Docs
What you feed it, what it runs, and how to read the verdict.
1. Input
Two tables: your trades/fills (timestamp, symbol, side, qty, price) and the price universe they ran against. CSV, Parquet, or a DataFrame. No strategy code, no signal logic, no config required.
2. The battery
26 methods across four families: statistical edge (deflated Sharpe, PSR, multiple-testing), robustness (walk-forward, OOS decay, regime split), integrity (look-ahead, survivorship, point-in-time, fill realism), and risk (drawdown stress, tail, turnover/cost sensitivity).
3. The verdict
One headline call — tradeable / borderline / do-not-deploy — plus the per-check breakdown, the flagged failures, and the suggested next test. Exportable as a reviewer-ready report.
4. Integrate
Drop it into your research pipeline so every candidate strategy auto-runs the battery before promotion, and nothing reaches paper/live without a passing card.
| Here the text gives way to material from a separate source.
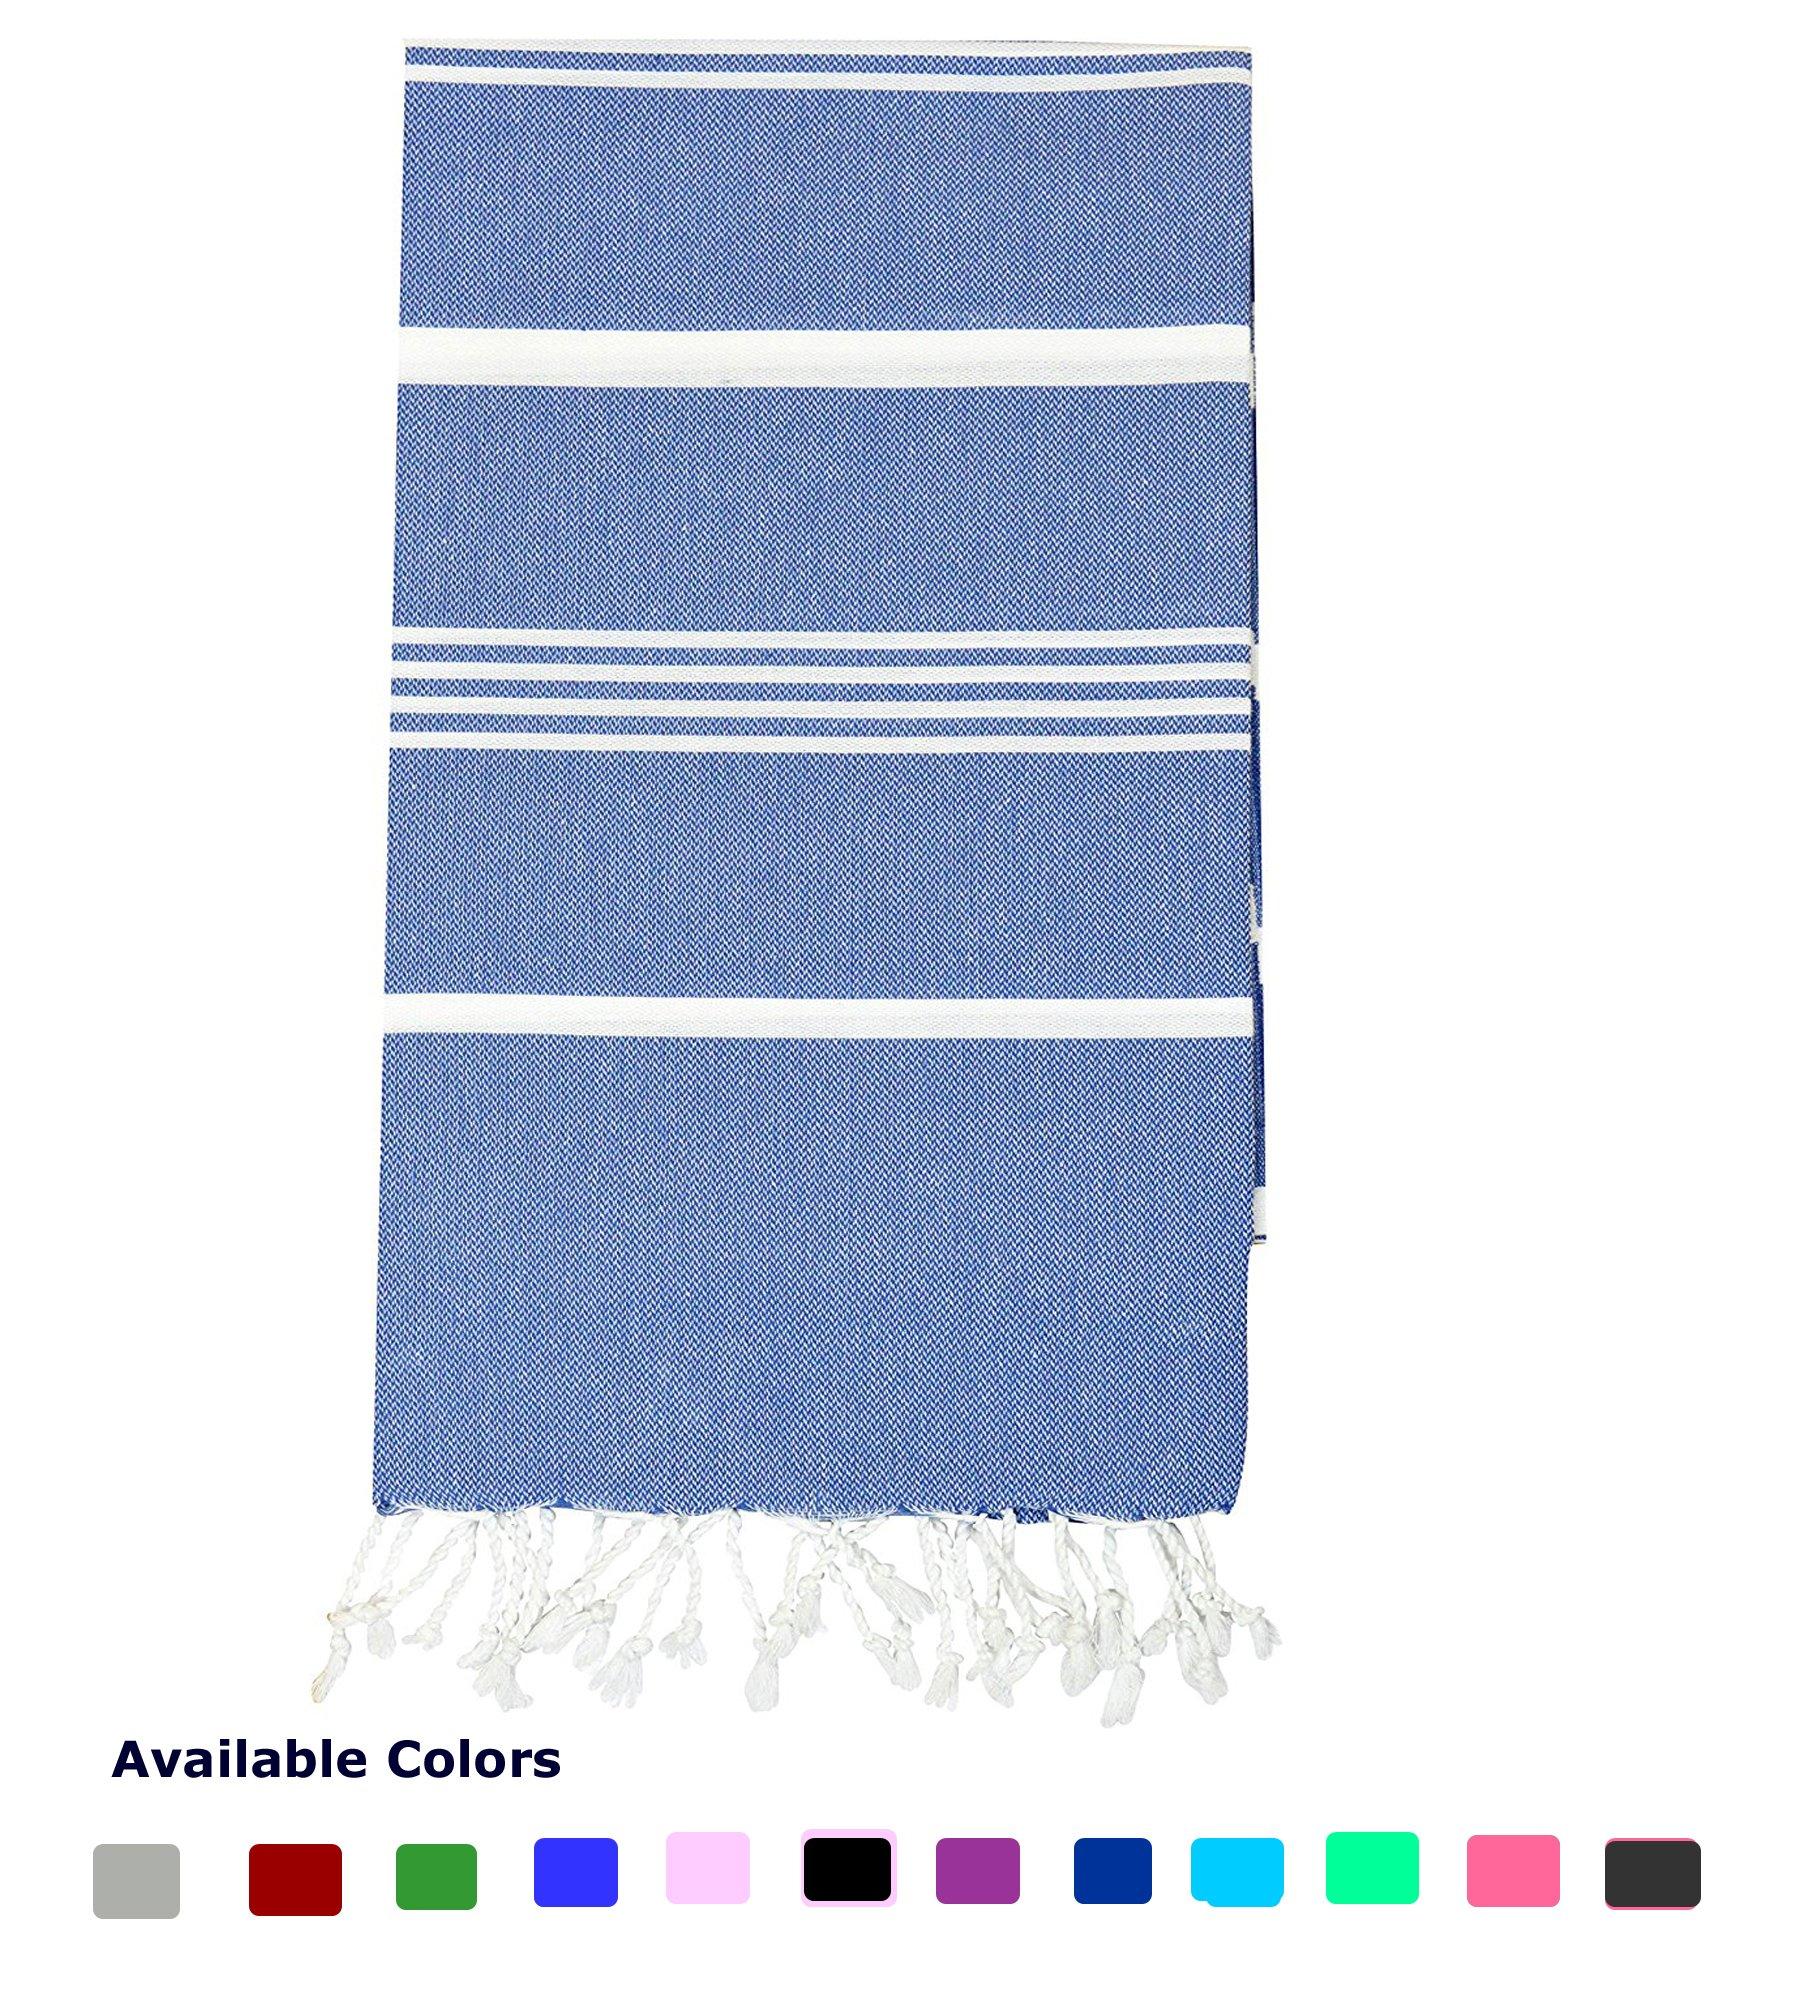 Nature Is Gift Turkish Peshtemal Towels Pestemal Towel Thin Camping Bath Sauna Beach Gym Pool Blanket Fouta Towels 100% Cotton Denim Blue

The four families (overview)
| Family | Question it answers | Representative checks |
|---|---|---|
| Statistical edge | Is the headline Sharpe real, or trial-luck? | Deflated Sharpe, probabilistic Sharpe, multiple-testing correction |
| Robustness | Does it survive out-of-sample & across regimes? | Walk-forward, IS/OOS decay, regime split, parameter stability |
| Integrity | Did the backtest cheat? | Look-ahead, survivorship, point-in-time, fill/slippage realism |
| Risk | What's the real downside? | Drawdown stress, tail risk, turnover & cost sensitivity |
Secret-sauce boundary: Validator ships the methodology and the scoring math. It does not contain — and will never share — our own strategies, signal definitions, parameter thresholds, or trading data. Symmetrically, your trades and universe stay in your environment on the on-prem/VPC plans. This is a methodology product, not a data product.